Starting on Friday (maybe Saturday) I will begin the paleo autoimmune diet. I have wanted to do an elimination diet for a while now. I have prayed and prepared for months. Initially I thought I would be doing the GAPS, but thats not the path that was chosen. My dear friend Kelli is starting an 8 week paleo challenge and I decided to join in the fun! I am going a step further and cutting out more than the normal paleo diet requires. I fully believe this is God's will for my life in this moment. I do hope I will see healing, but if I don't God will still be praised! He has already shown me I must be disciplined in preparing and planning meals. I am not a planner, so this is a challenge for me! I have a love/hate relationship with cooking. Most of the time Alan is pleased with the meals. The planning, prepping, and cleaning drive my crazy. I have been praying that God would give me a love for it all! I want to see it as a form of worship. I get to cook and provide meals for my family! That is a huge blessing! I have been learning new methods of prepping and I spend about three hours a day preparing our dinner. I have purchased two AMAZING books that have really gotten me excited for the next eight weeks! "The Autoimmune Protocol," by Mickey Trescott and "Well Fed 2," by Melissa Joulwan. These women have been so kind and quick to answer questions! Mickey actually sent me a signed copy of her book! It is sold out on amazon and I emailed her asking when it would be available. I didn't really expect a reply, but she quickly responded! I felt honored! Both books are wonderful! I have tried recipes from each book and we haven't been disappointed! Alan has told people he will be happy if these are the types of meals he gets for the next eight weeks.
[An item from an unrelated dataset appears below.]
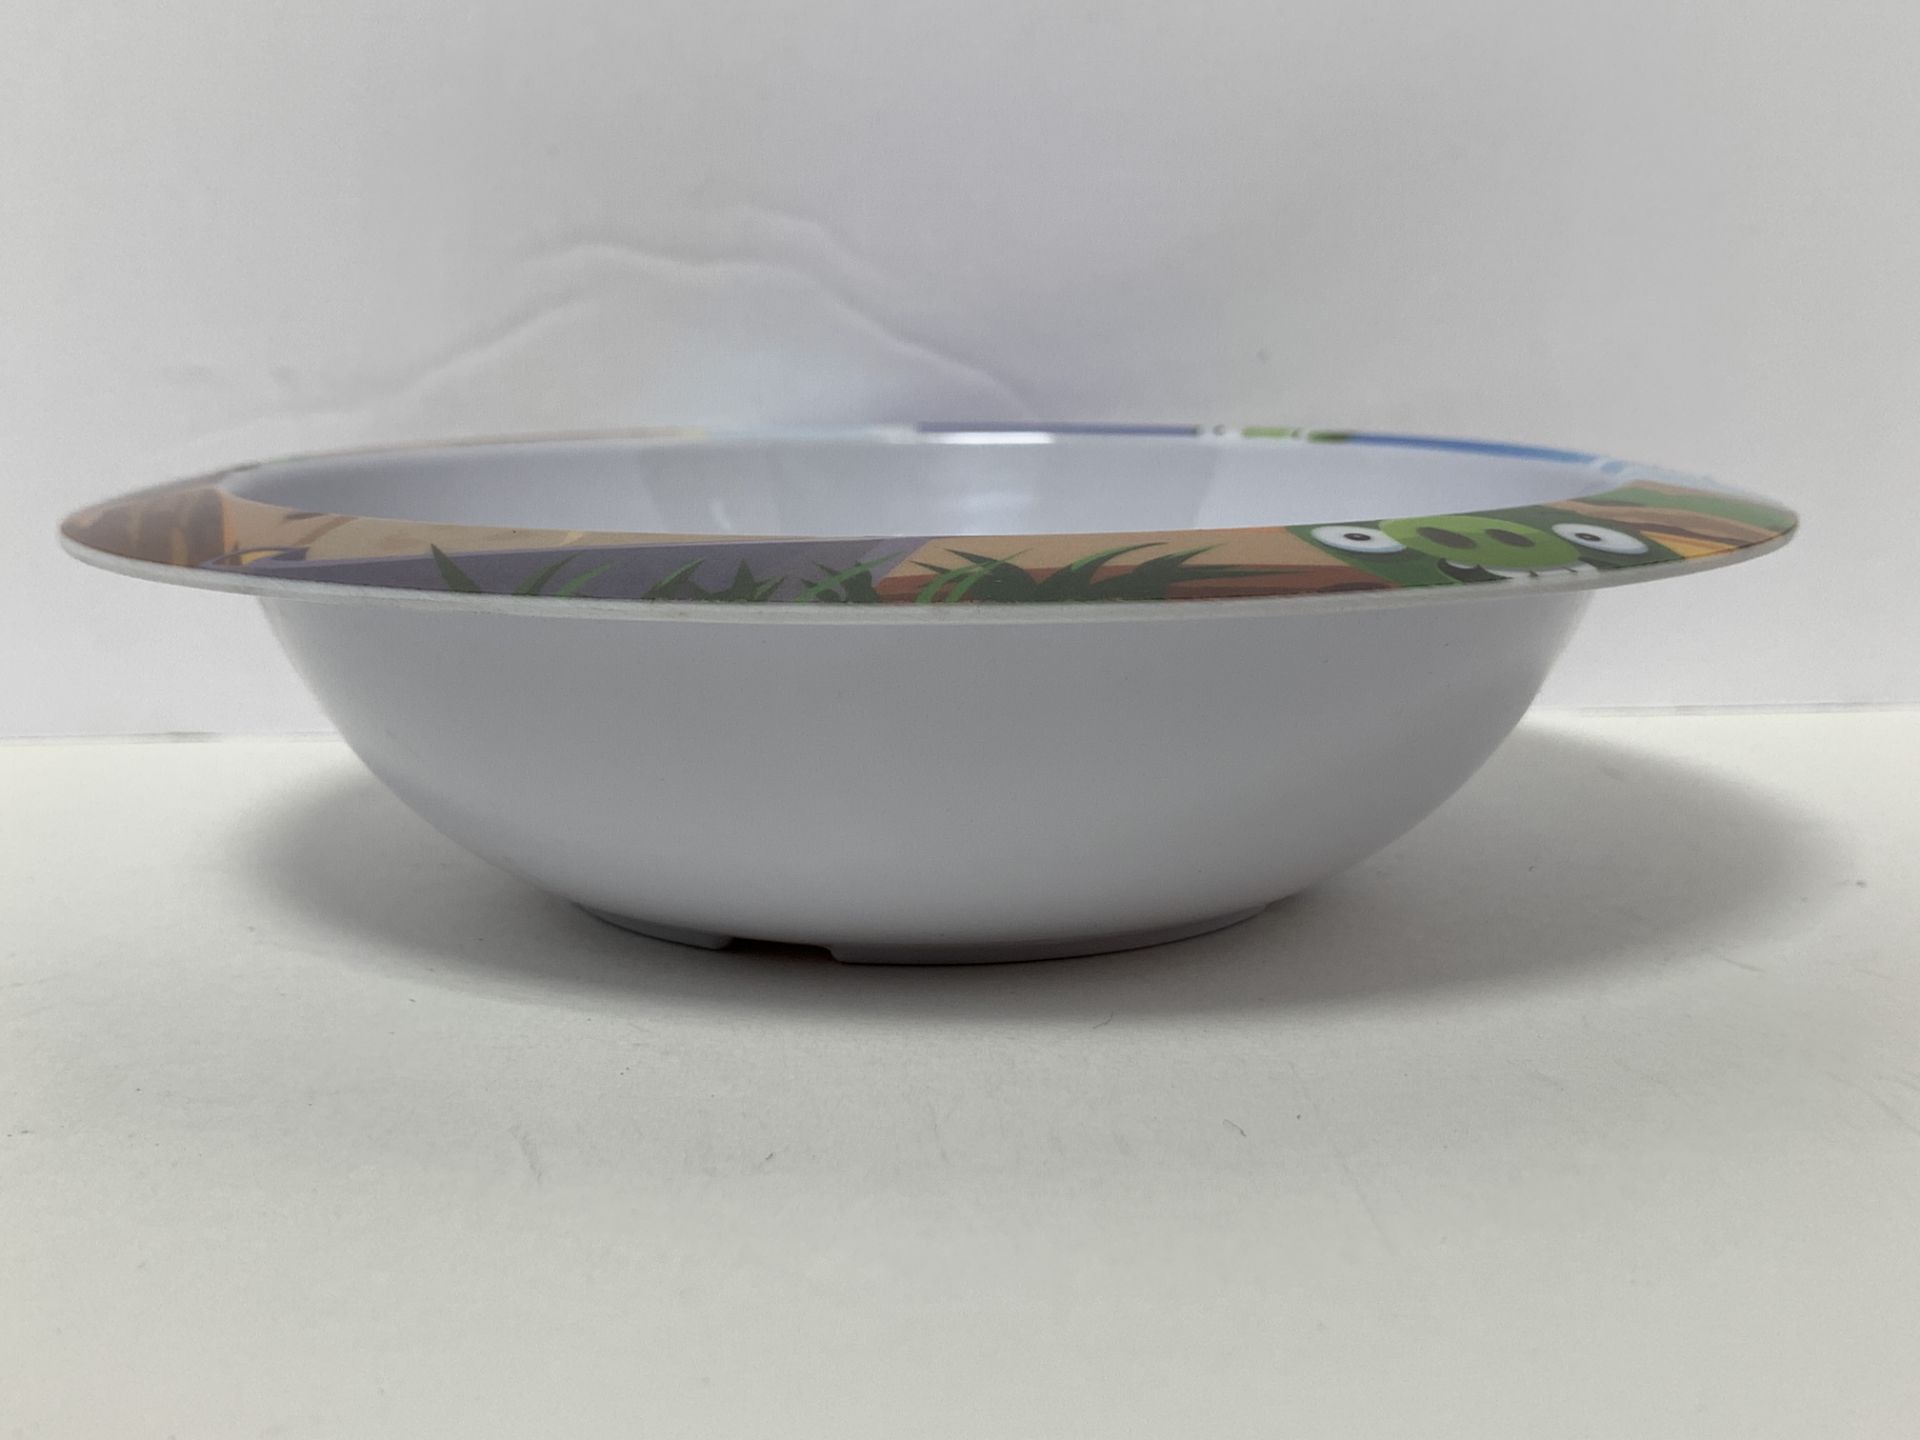 240 x Angry Birds Branded Melamine Bowls - Image 3 of 5

Last night I read a verse I had never seen before and I want it plastered on my wall! "Better is a dinner of herbs where love is than a fattened ox and hatred with it" (Proverbs 15:17). I can get pretty angry when I am cooking and EVERYTHING goes wrong. When the kitchen ends up in a mess, the food is not excellent, and I wash the same dish five times, I want to scream! I should have just put some herbs out on the table for us to nibble on! I want this verse to be a sweet reminder that it is an honor to plan, prepare, and serve my family. I want to do it with joy and not anger!
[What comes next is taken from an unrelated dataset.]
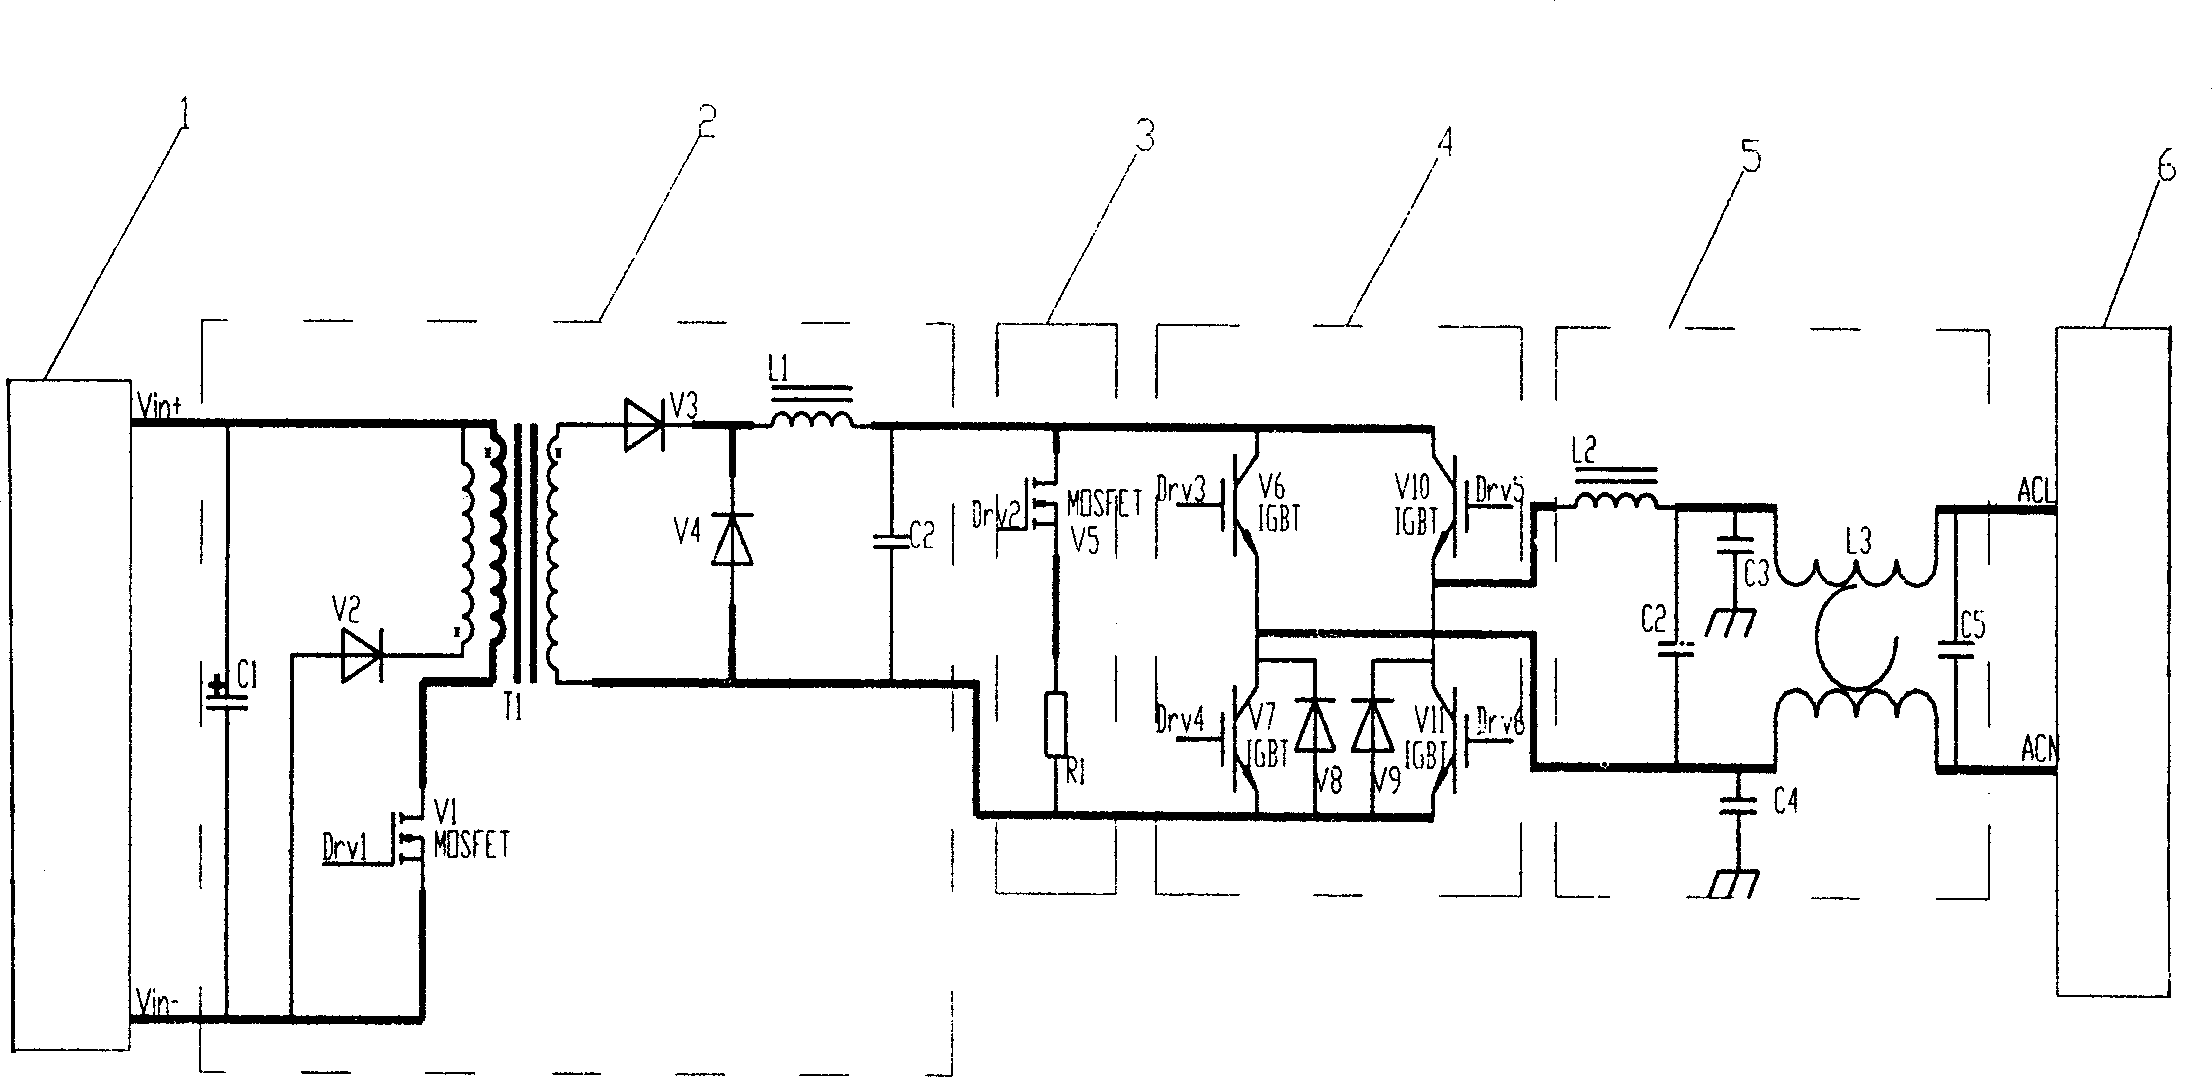 Single HF power conversion and dynamically pre-loaded sinusoidal inverter circuit

Here is the mess that was my kitchen last night:
This is after the sauce I made went everywhere. I am still cleaning the sauce from places in my kitchen. I wish I would have thought to take a picture. The crock pot has homemade bone broth in it. Who am I?
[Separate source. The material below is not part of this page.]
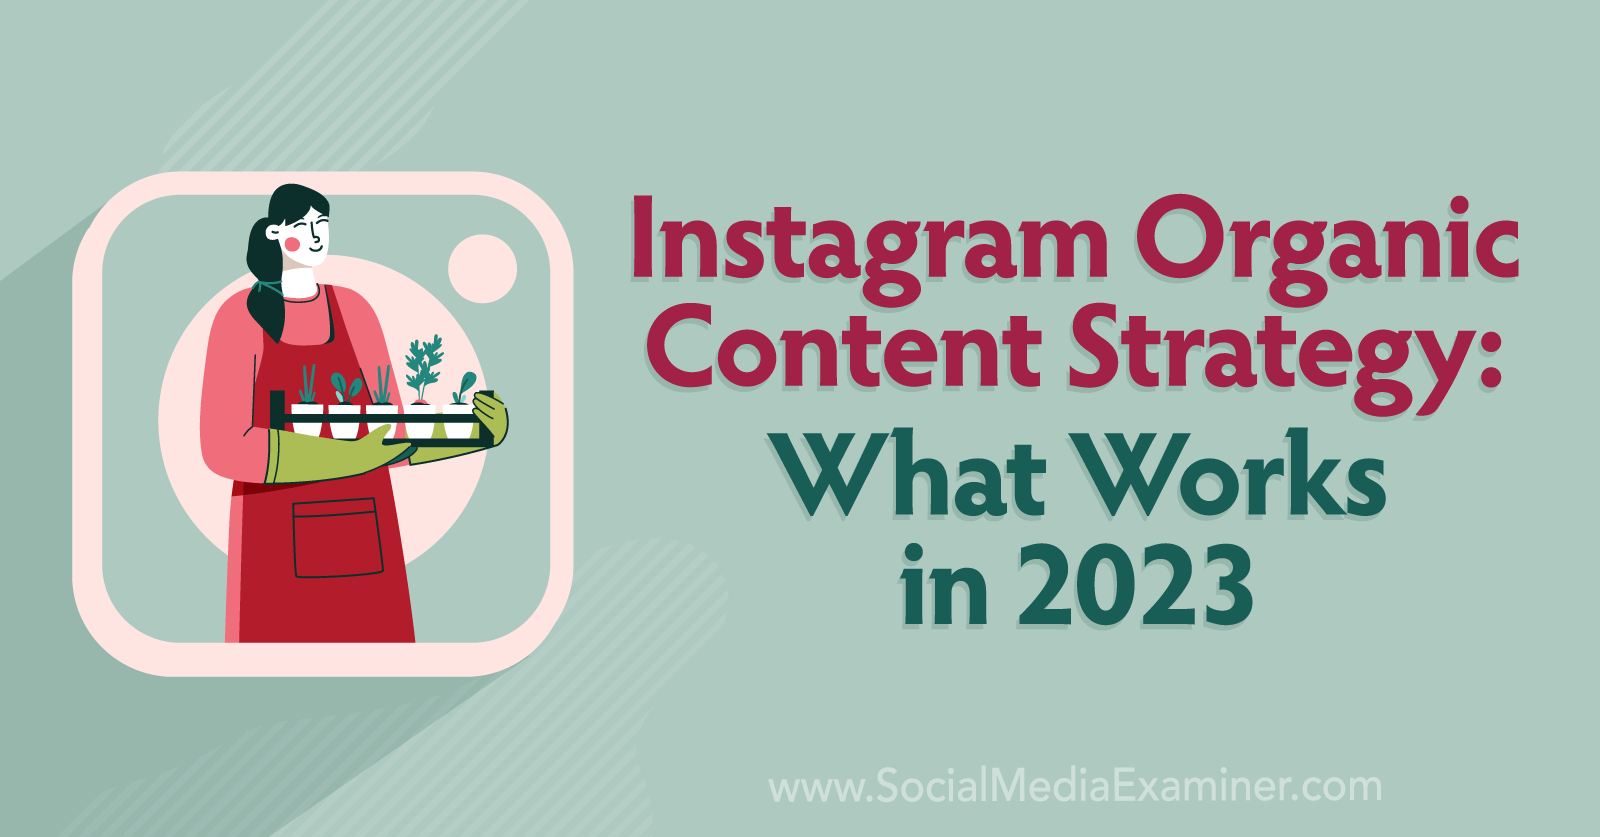 Instagram Organic Content Strategy: What Works in 2023 by Social Media Examiner

Here is the coconut milk, flower, ranch dip, and No-Mato sauce which I will freeze and pull out on a spaghetti night. I'll have zoodles.
The coconut flour had to bake
The coconut milk exploded out of the blender and this was AFTER the no-mato sauce went flying through the air! I was surprised at how calm I stayed. God definitely gets the glory!
I saved the best pictures for last! My little helper decided she wanted to put all her food down her shirt!